What you have to do
Copy out exactly the lines spanning the line with "double dragon 3 play online" to the line with "Jam & Spoon", inclusive, from the data underneath, with no pictures.

Supplied material
+++++
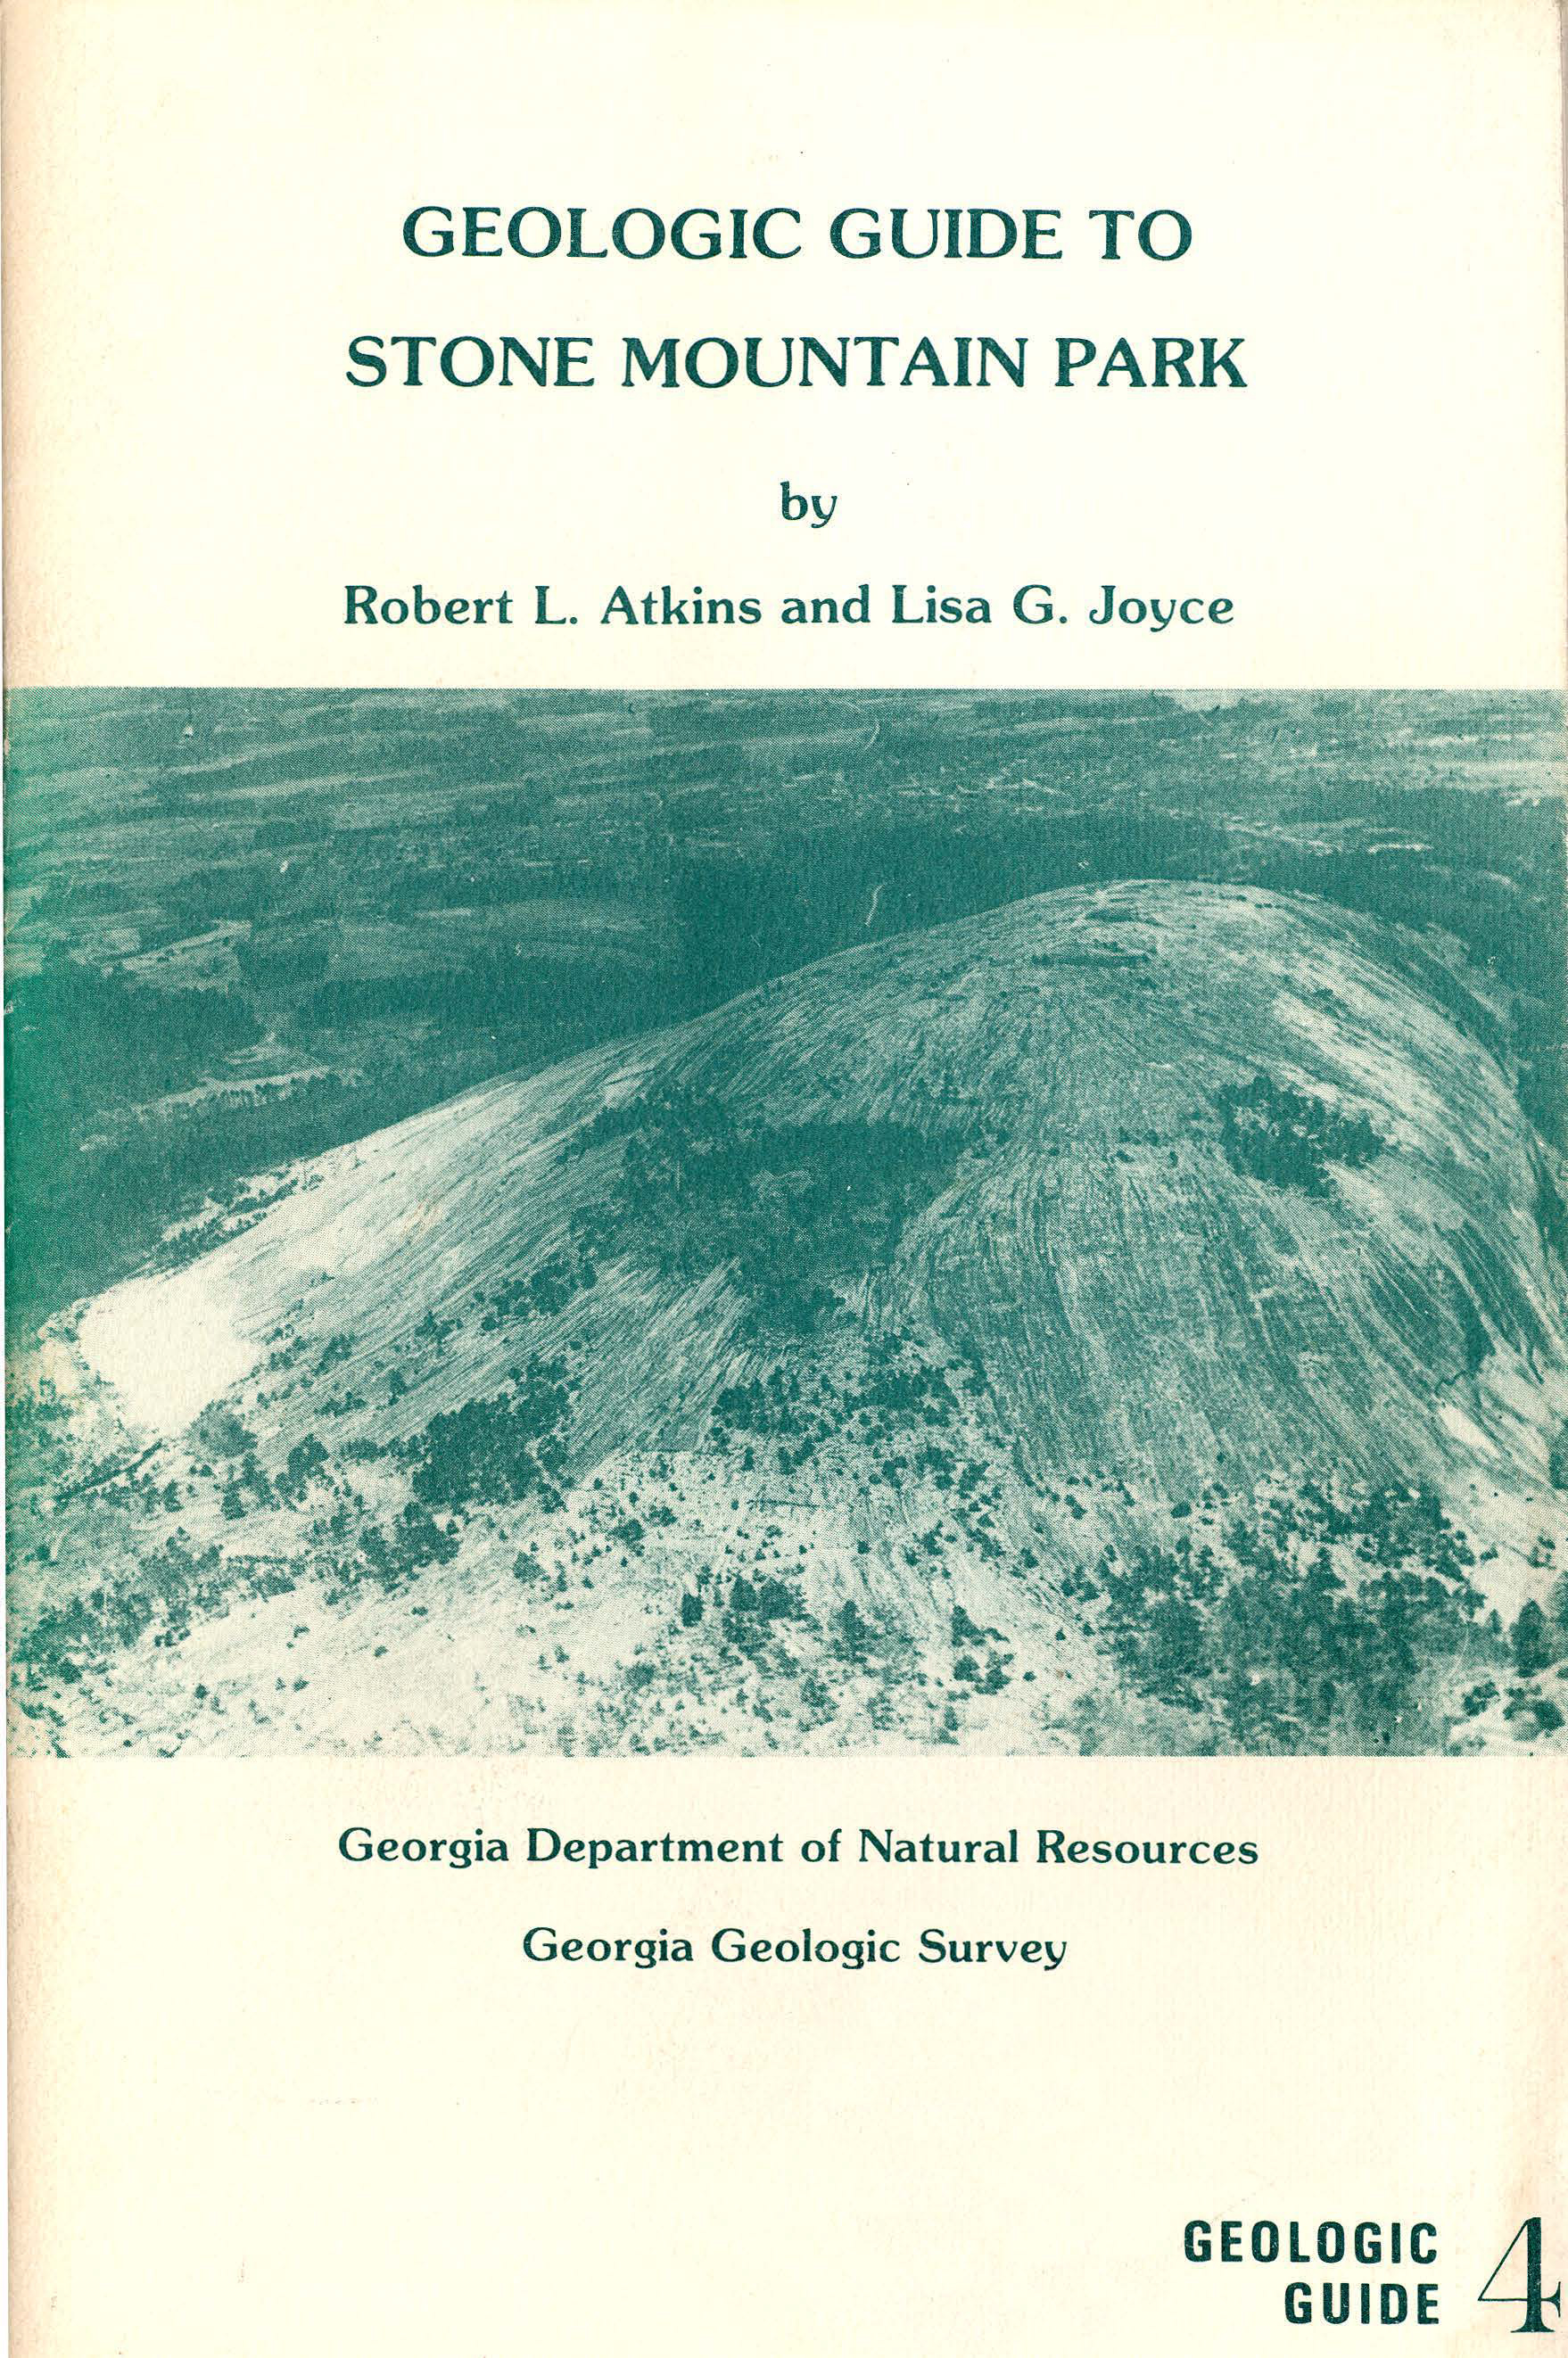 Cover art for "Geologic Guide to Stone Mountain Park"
+++++
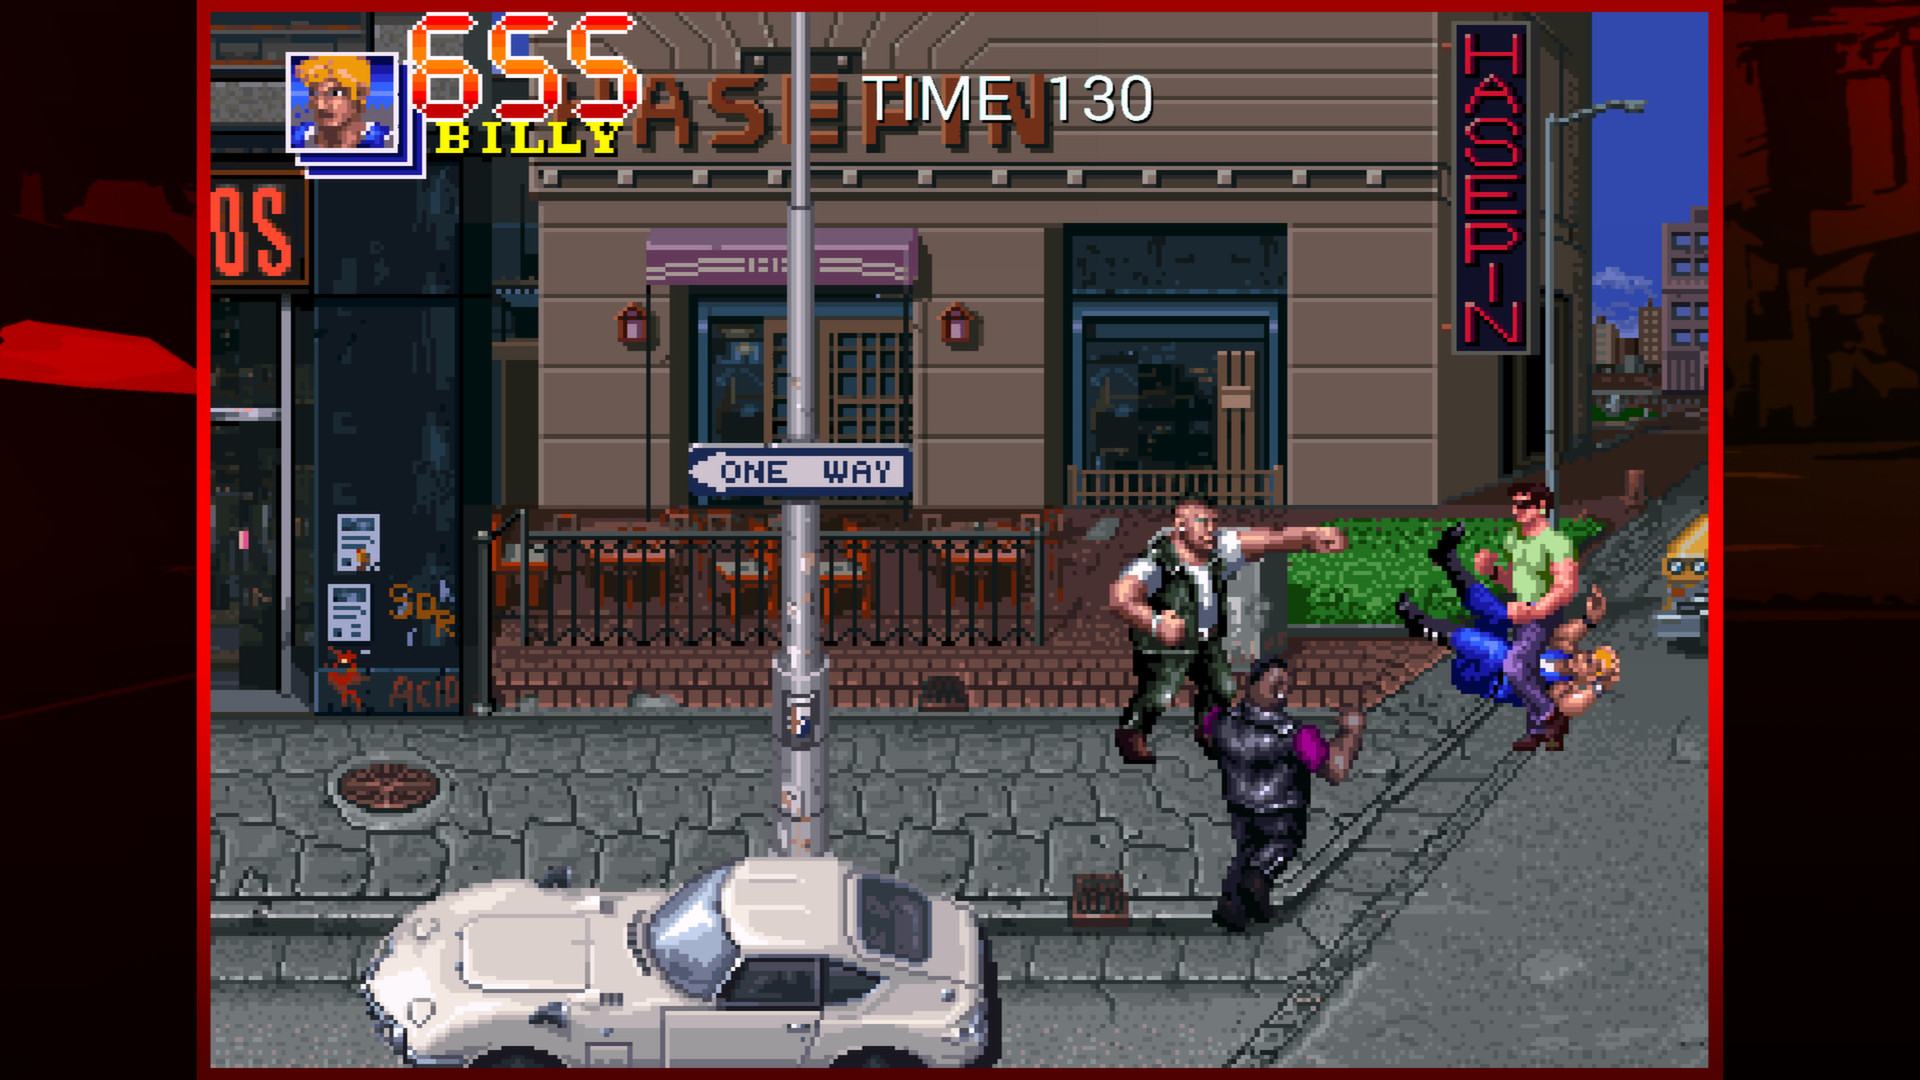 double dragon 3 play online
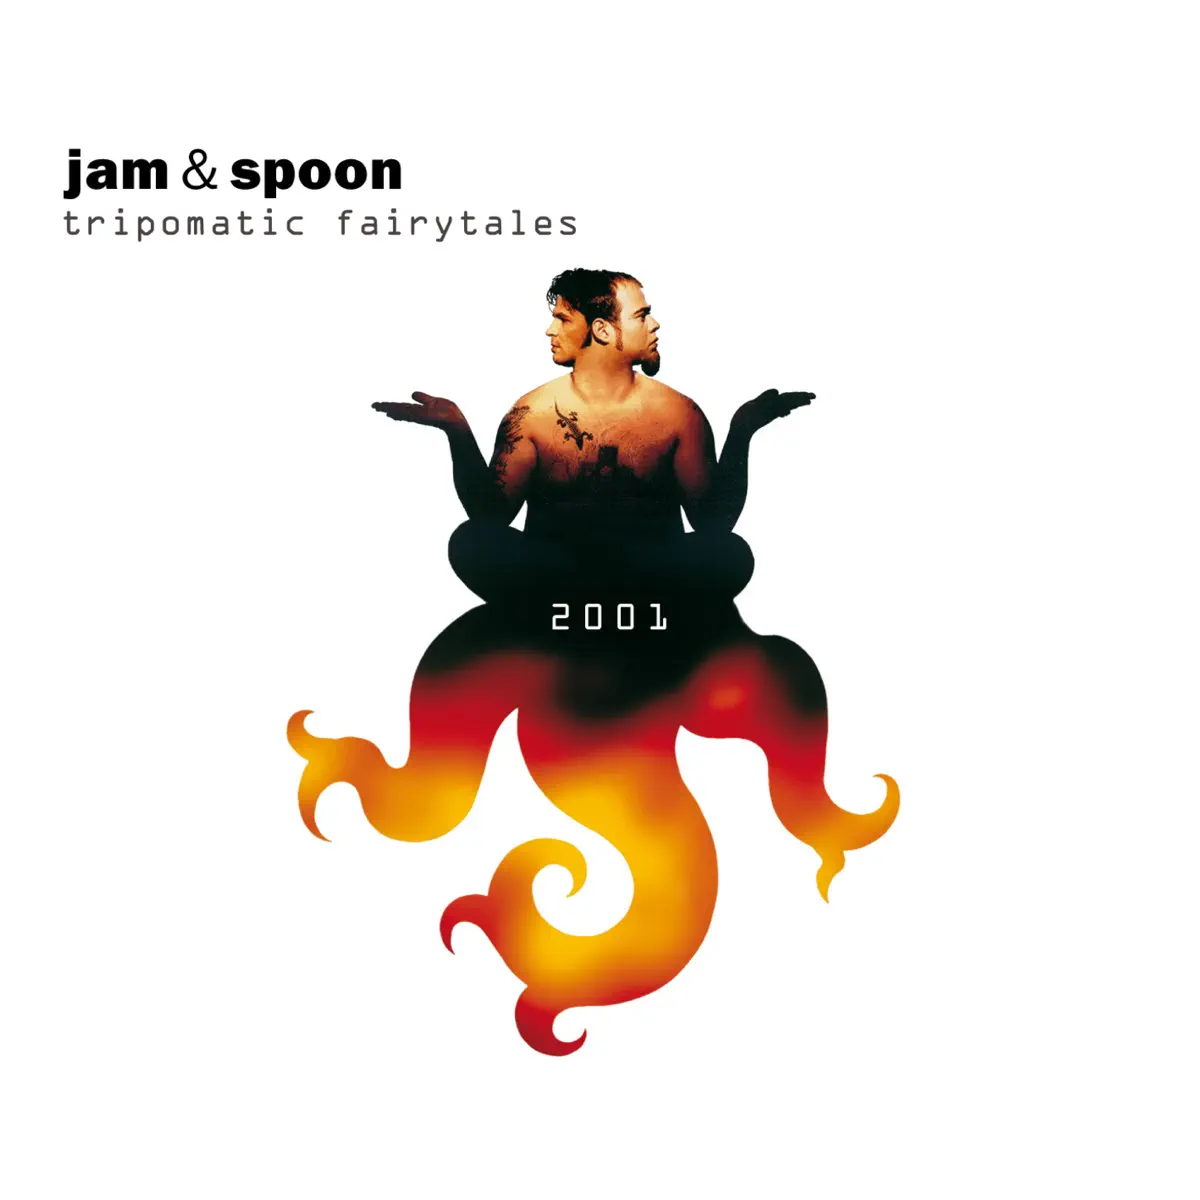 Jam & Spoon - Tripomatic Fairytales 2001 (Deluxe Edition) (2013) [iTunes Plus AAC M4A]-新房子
+++++
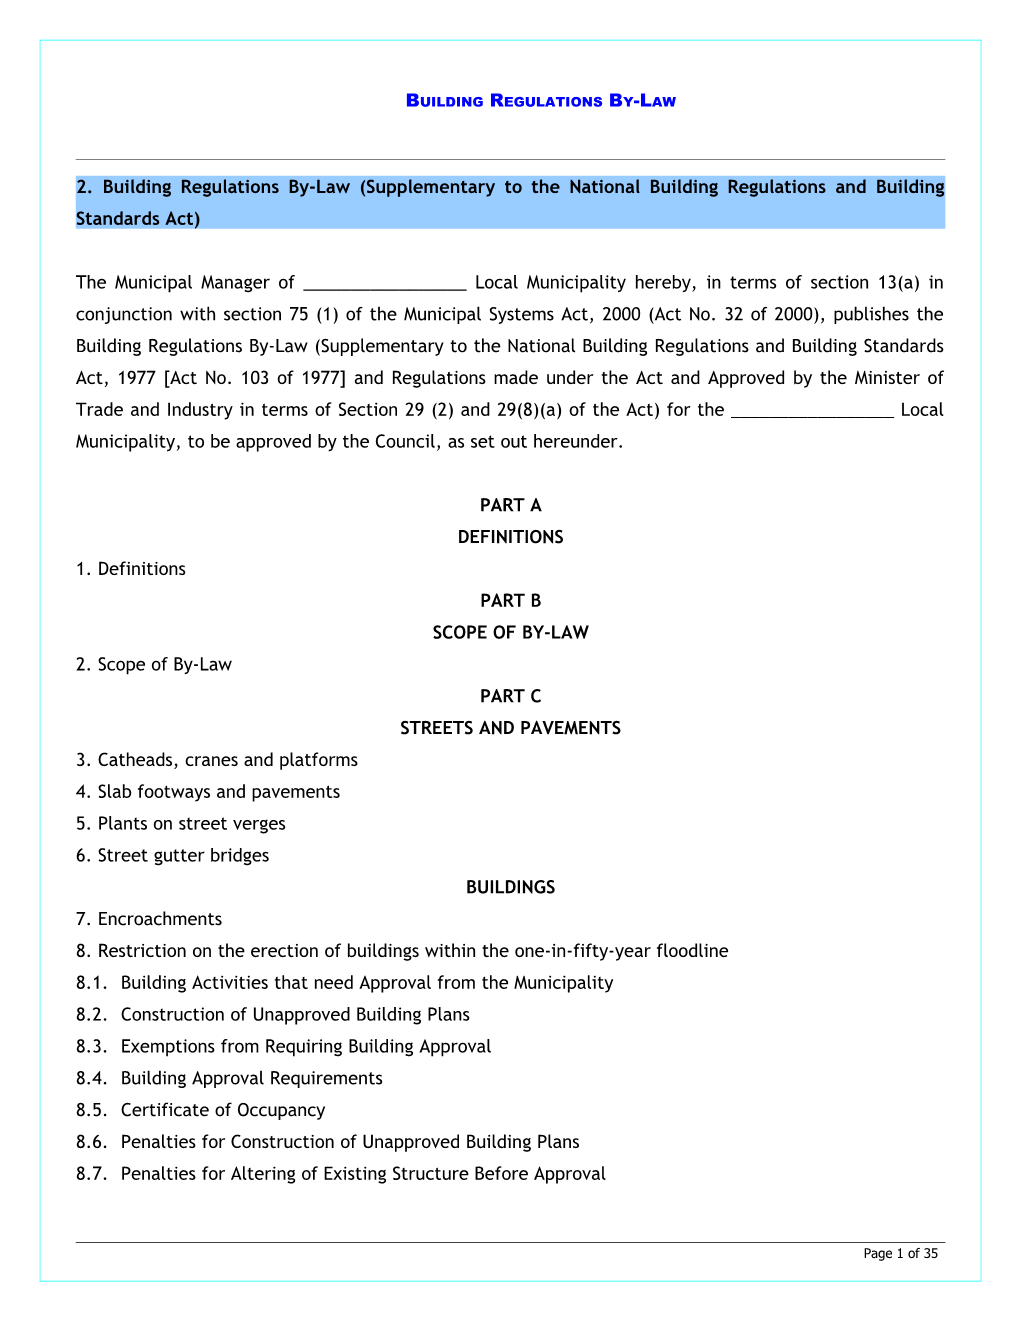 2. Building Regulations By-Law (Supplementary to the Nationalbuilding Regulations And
+++++
Solution to this exercise
 double dragon 3 play online
 Jam & Spoon - Tripomatic Fairytales 2001 (Deluxe Edition) (2013) [iTunes Plus AAC M4A]-新房子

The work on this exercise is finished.